Taking this research about your customers and beginning to develop personalized marketing is possible for most brands. Some of the early vehicles for this personalization are as follows:
Pay Per Click – Essentially sponsored search engine results. Your market segmentation, in collaboration with keyword research, can reveal that different buyers have different intent, and search with different keywords. This means you can tailor PPC advertising accordingly, making the ad seem more relevant to that user. Real-time events may also provide an opportunity to personalize further.
Retargeting – Display ads can re-engage people who have visited your site but bounced. These ads are displayed on other sites, displayed only to people who have expressed an interest in your brand or a particular product.
Social media – One of simplest current methods of personalization, as social networks do the hard work behind the scenes. A variety of targeting options are available including location, profession, age, gender, interests, or behavior.
Website – You can personalize your website for repeat visits based on an account system (think Amazon tailoring your recommended purchases) or using cookies (think millions of websites everywhere).
Email – Segment your email database to deliver different content to different groups. In B2B that could be by industry, job title, or the stage in the buyer journey.

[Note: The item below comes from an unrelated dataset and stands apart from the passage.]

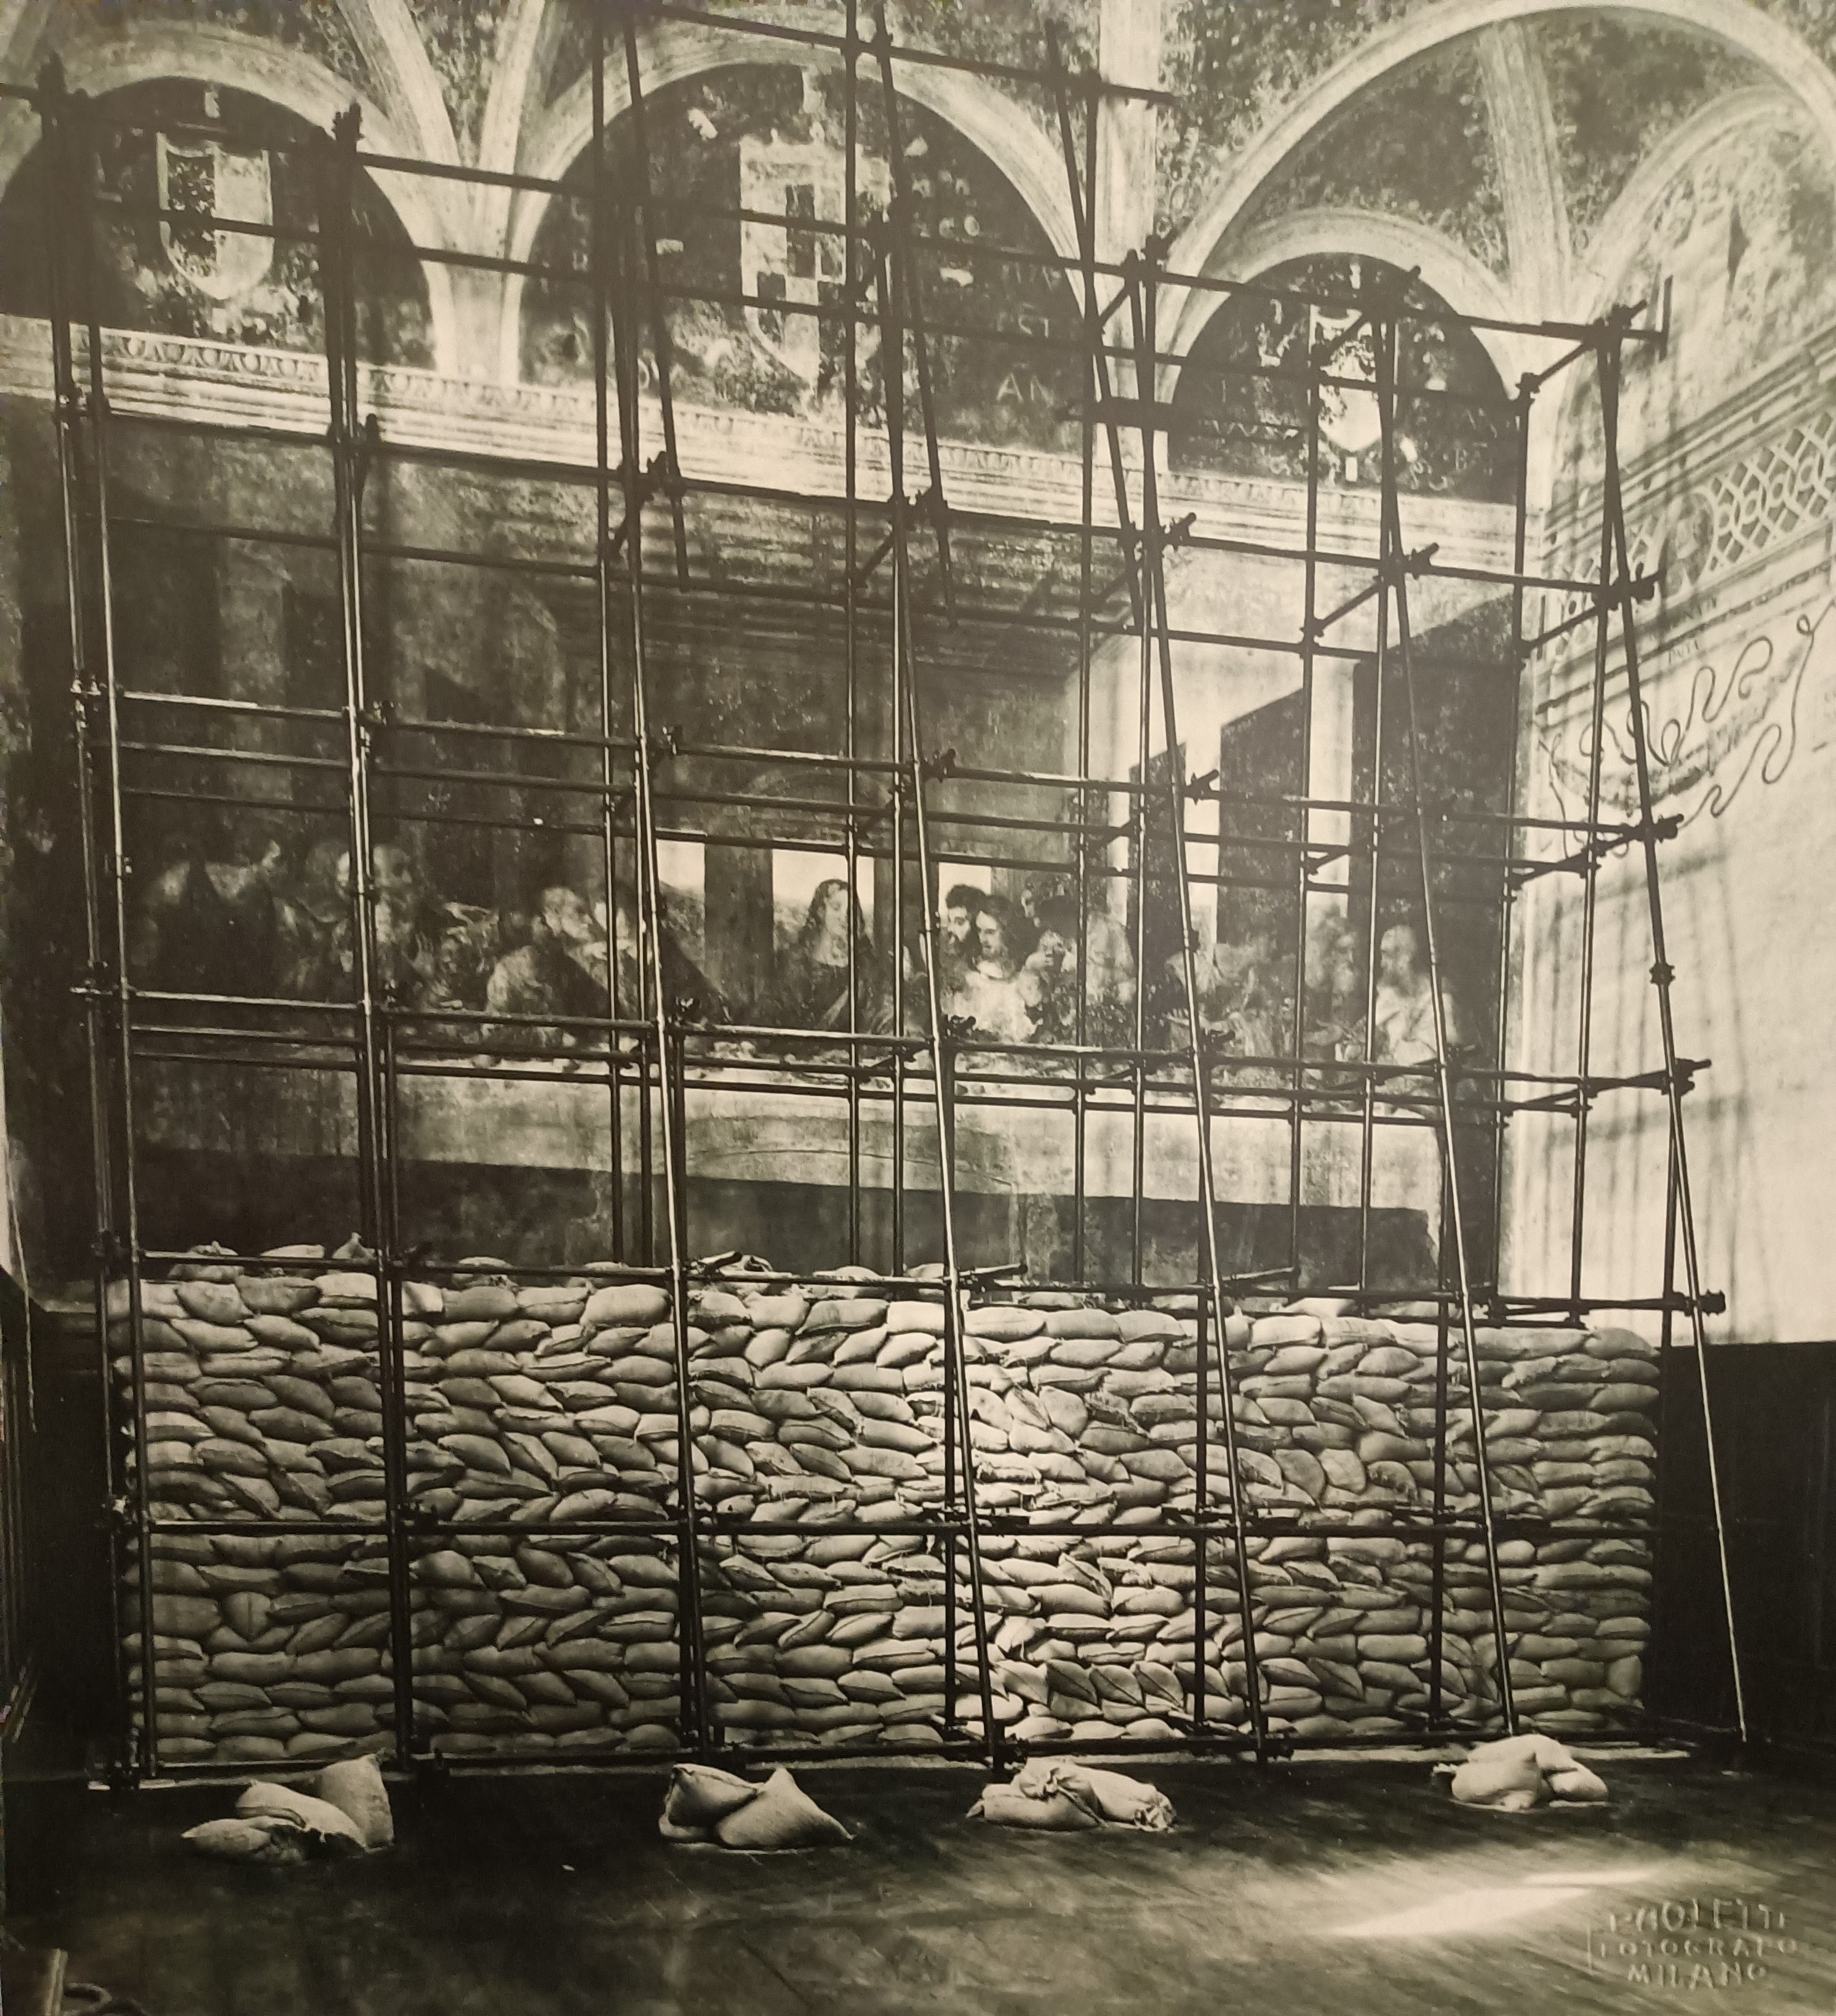 Σάκοι με άμμο για την προστασία του Μυστικού Δείπνου, 1940, Φωτογραφία: Paoletti, Φωτογραφικό Αρχείο SABAP Μιλάνου

Beginning the journey towards one-to-one marketing can help to build momentum in the fragmented, multiple-touchpoint modern customer journey. Making sure your messaging is relevant and speaking the right language is an important first step that quickly shows results.
When it’s survival of the fittest, any advantage will give you the edge over your competitors. As your marketing capabilities evolve, bringing more complicated data into the equation will help you stay ahead of the game to become the apex predator in your industry.